Fort Reno
Fort Reno

  

   Fort Reno was established as a permanent post in July 1875, near the Darlington Indian Agency on the old Cheyenne-Arapaho reservation in Indian Territory, in present-day central Oklahoma. Named for General Jesse L. Reno, who died at the Battle of South Mountain, it supported the U.S. Army following the Cheyenne uprising in 1874.
   An executive order in 1883 officially identified the area assigned to Fort Reno as 9,493 acres (38.42 km2) in the Cheyenne and Arapaho reserve, "setting apart for military purposes exclusively of the tract of land herein described."[1] A presidential proclamation (27 Stat., 1018) signed April 12, 1892 by Benjamin Harrison extinguished all Cheyenne-Arapaho claims to their reserve except for individual allotments, including any claims to Fort Reno – a stance with which many members of the Cheyenne and Arapaho Tribes disagree.

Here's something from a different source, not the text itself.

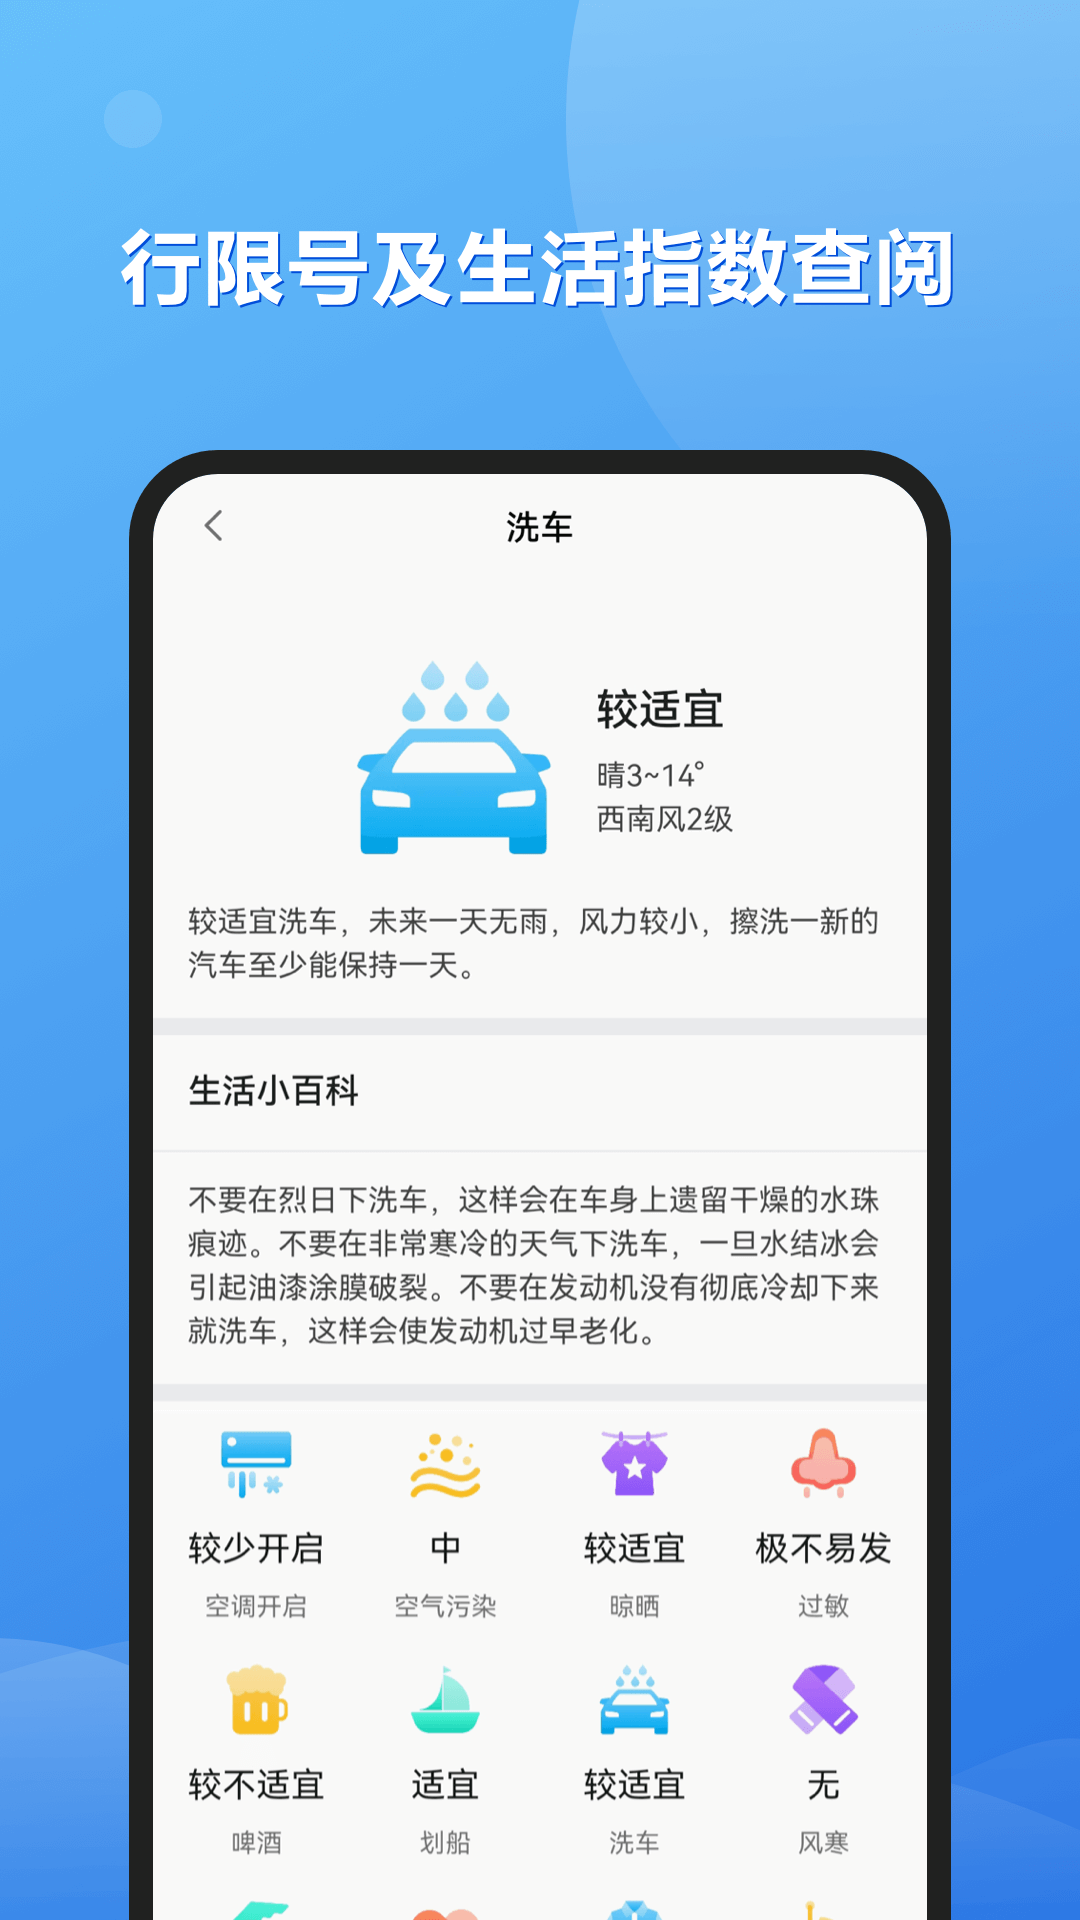 和景天气九江app后台开发
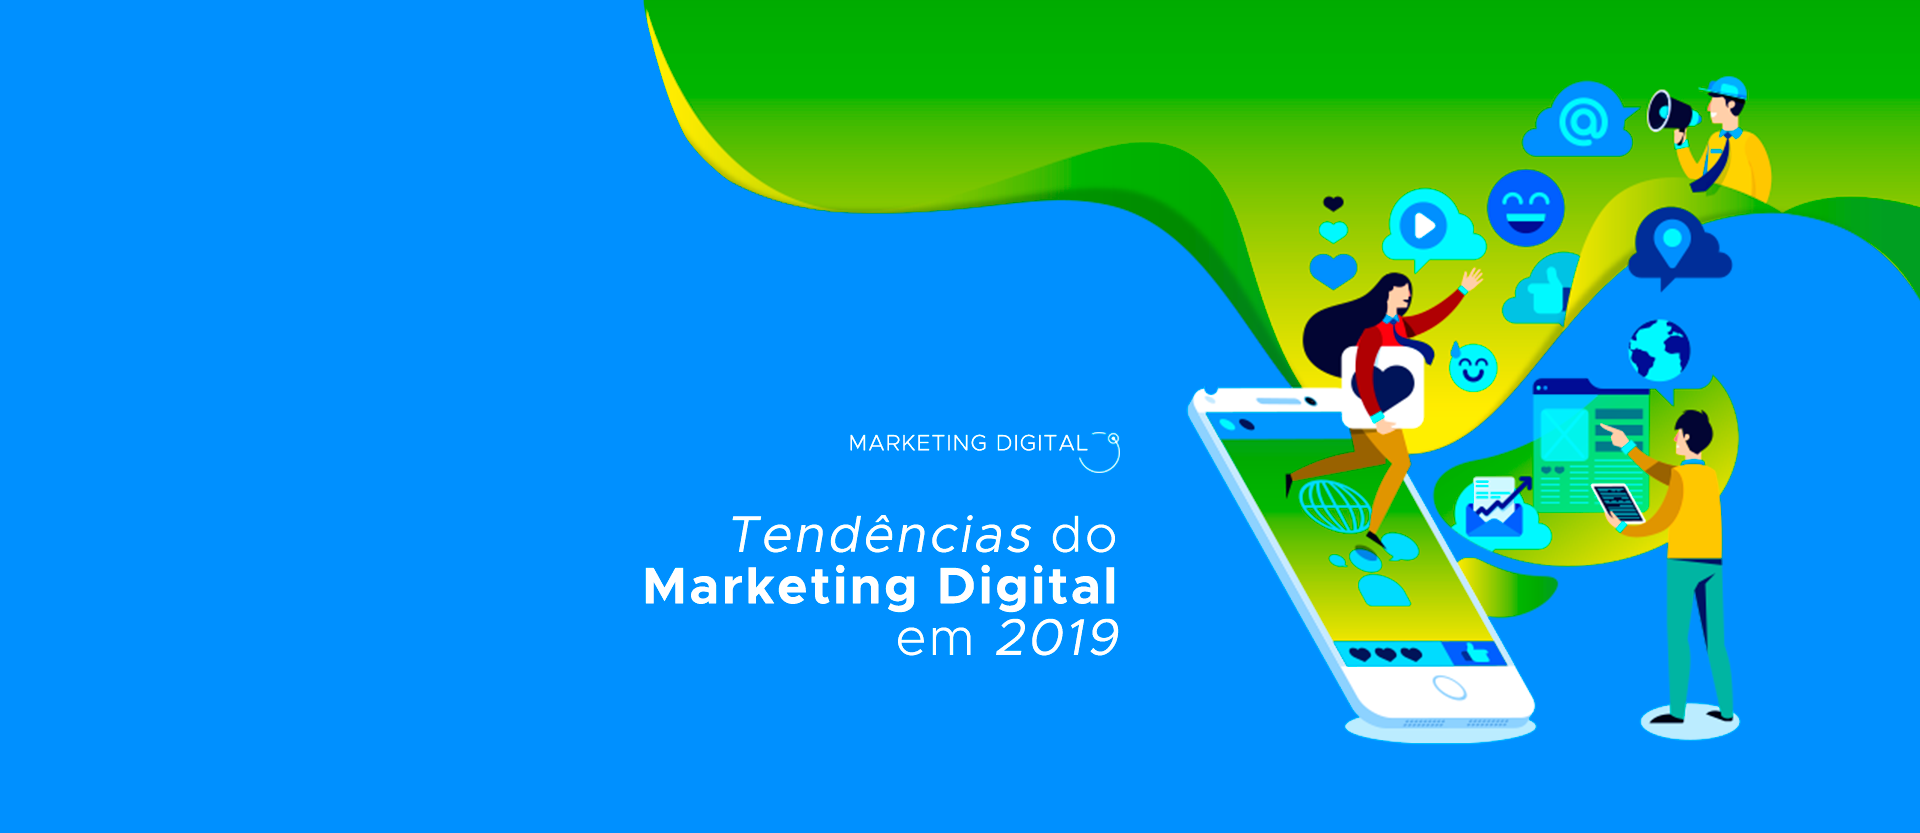 Tendências do Marketing Digital em 2019

   Following the Indian Wars the fort remained to protect the more peaceful Five Civilized Tribes from the Plains Indians farther west. Soldiers from Fort Reno also attempted to control Sooner and Sooner activity during the rush to open the Unassigned Lands for settlement. Among the units stationed here were the famed Ninth Cavalry of Buffalo Soldiers.
   After Oklahoma statehood in 1907, the post was abandoned on February 24, 1908 but remained as a U.S. Cavalry remount station until 1949.